What is required: Repeat the lines from the one containing "Reco Sulky X36" through the last line of the data, exactly, pictures omitted.

Given information:

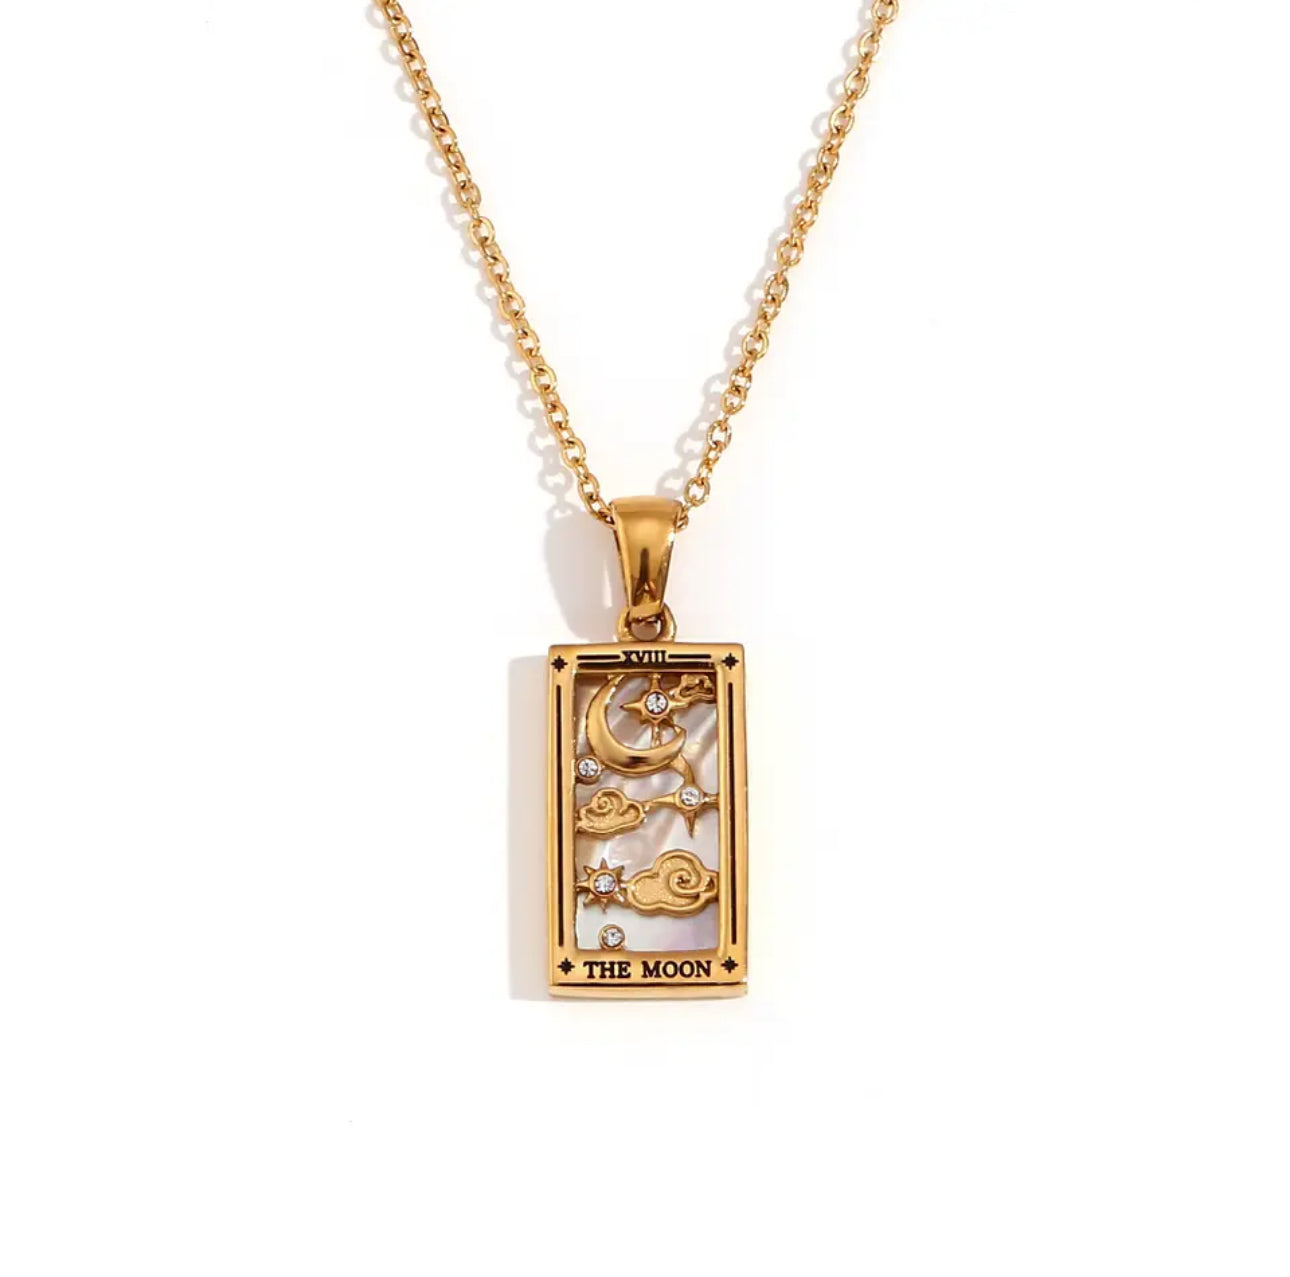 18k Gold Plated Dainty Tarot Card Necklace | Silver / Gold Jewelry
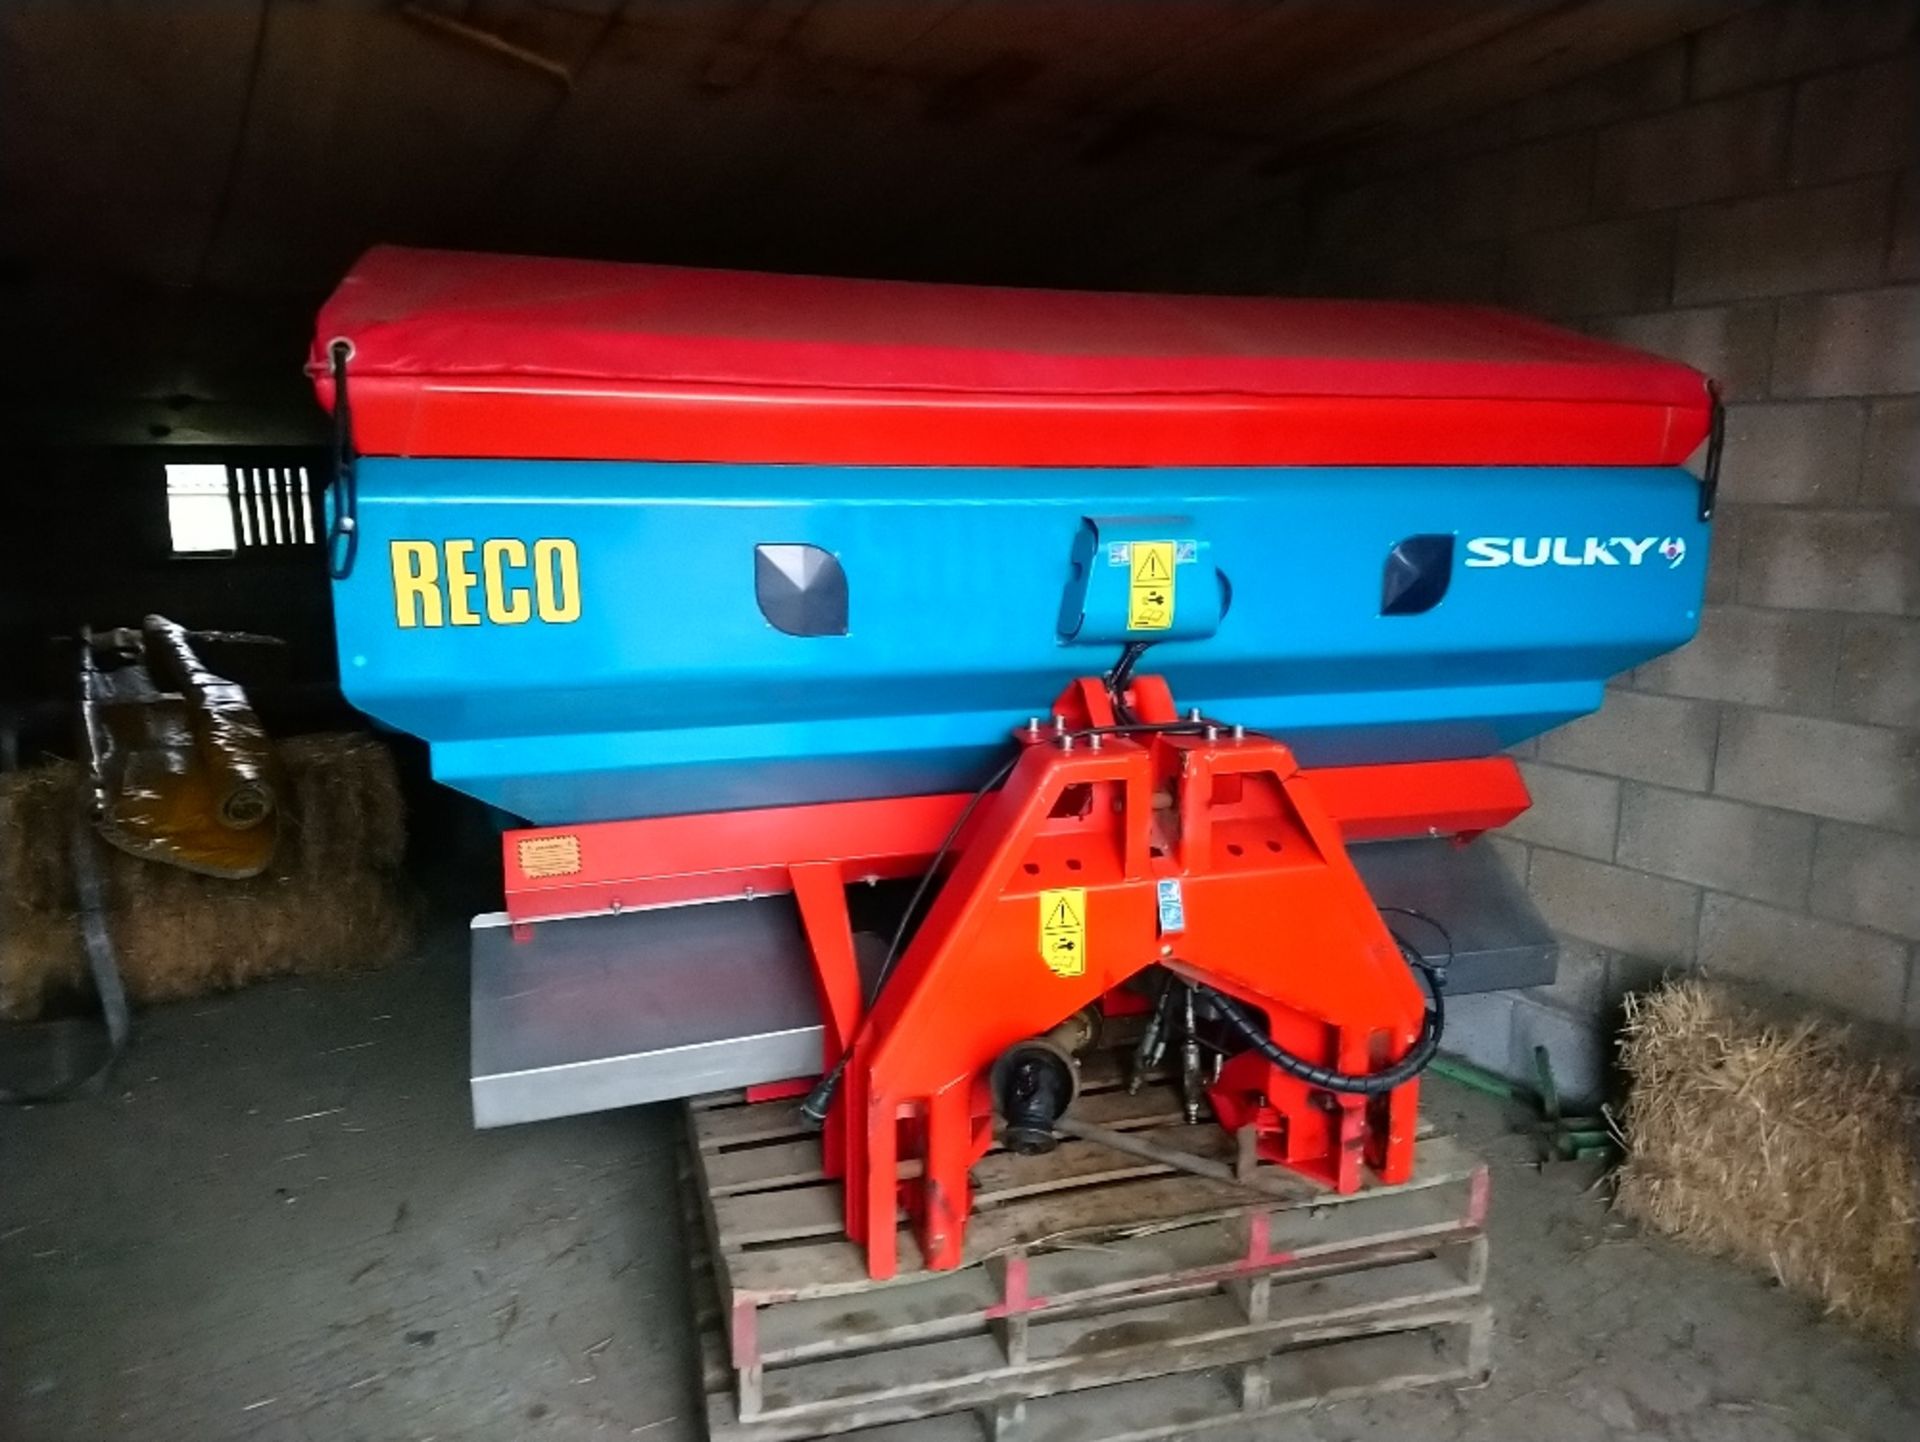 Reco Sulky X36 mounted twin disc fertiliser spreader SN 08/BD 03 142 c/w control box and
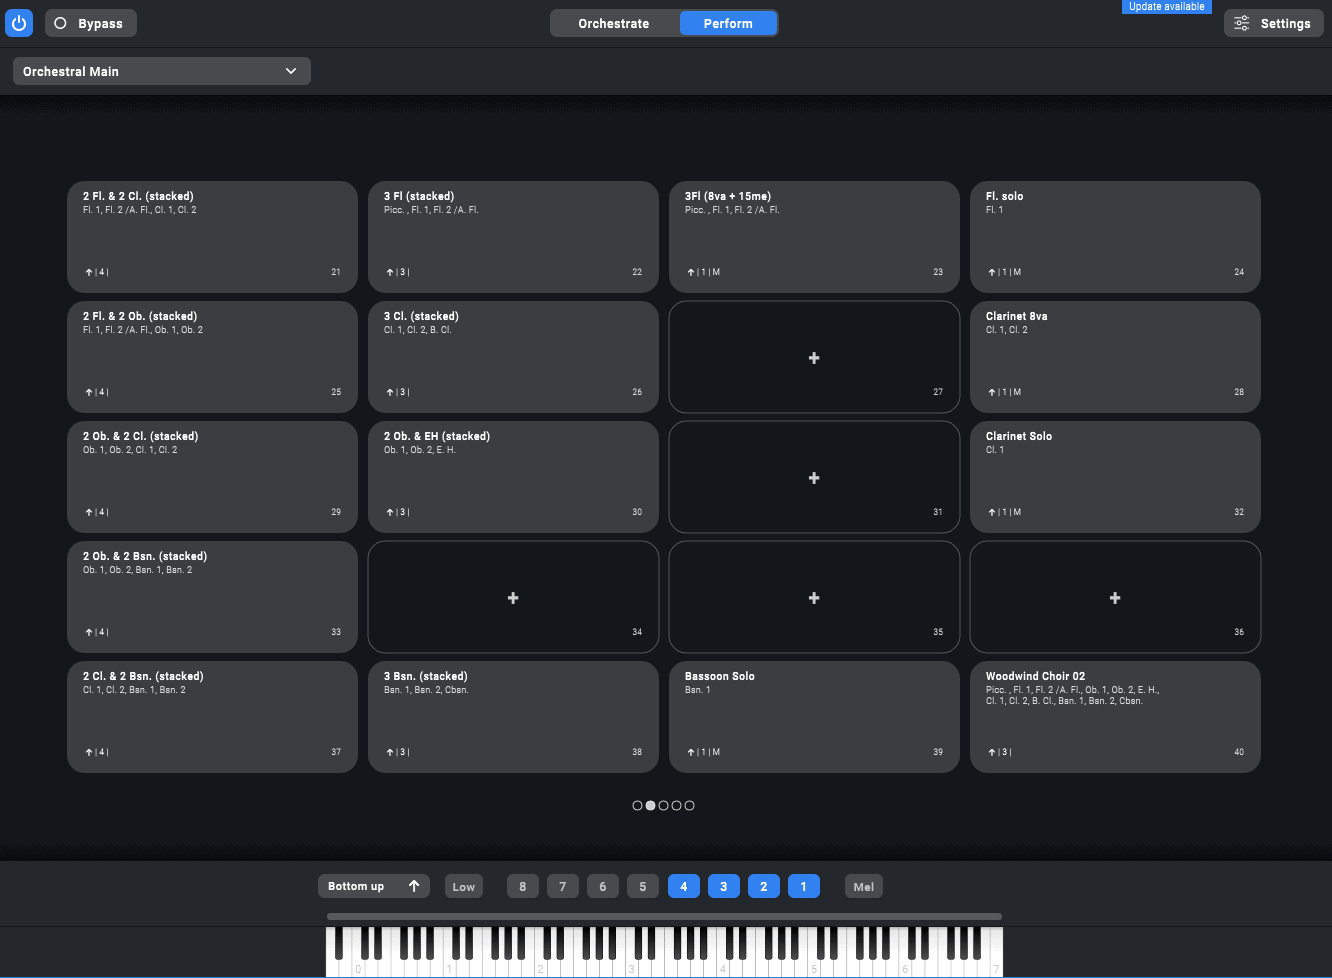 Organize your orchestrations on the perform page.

Exercise output:
 Reco Sulky X36 mounted twin disc fertiliser spreader SN 08/BD 03 142 c/w control box and
 Organize your orchestrations on the perform page.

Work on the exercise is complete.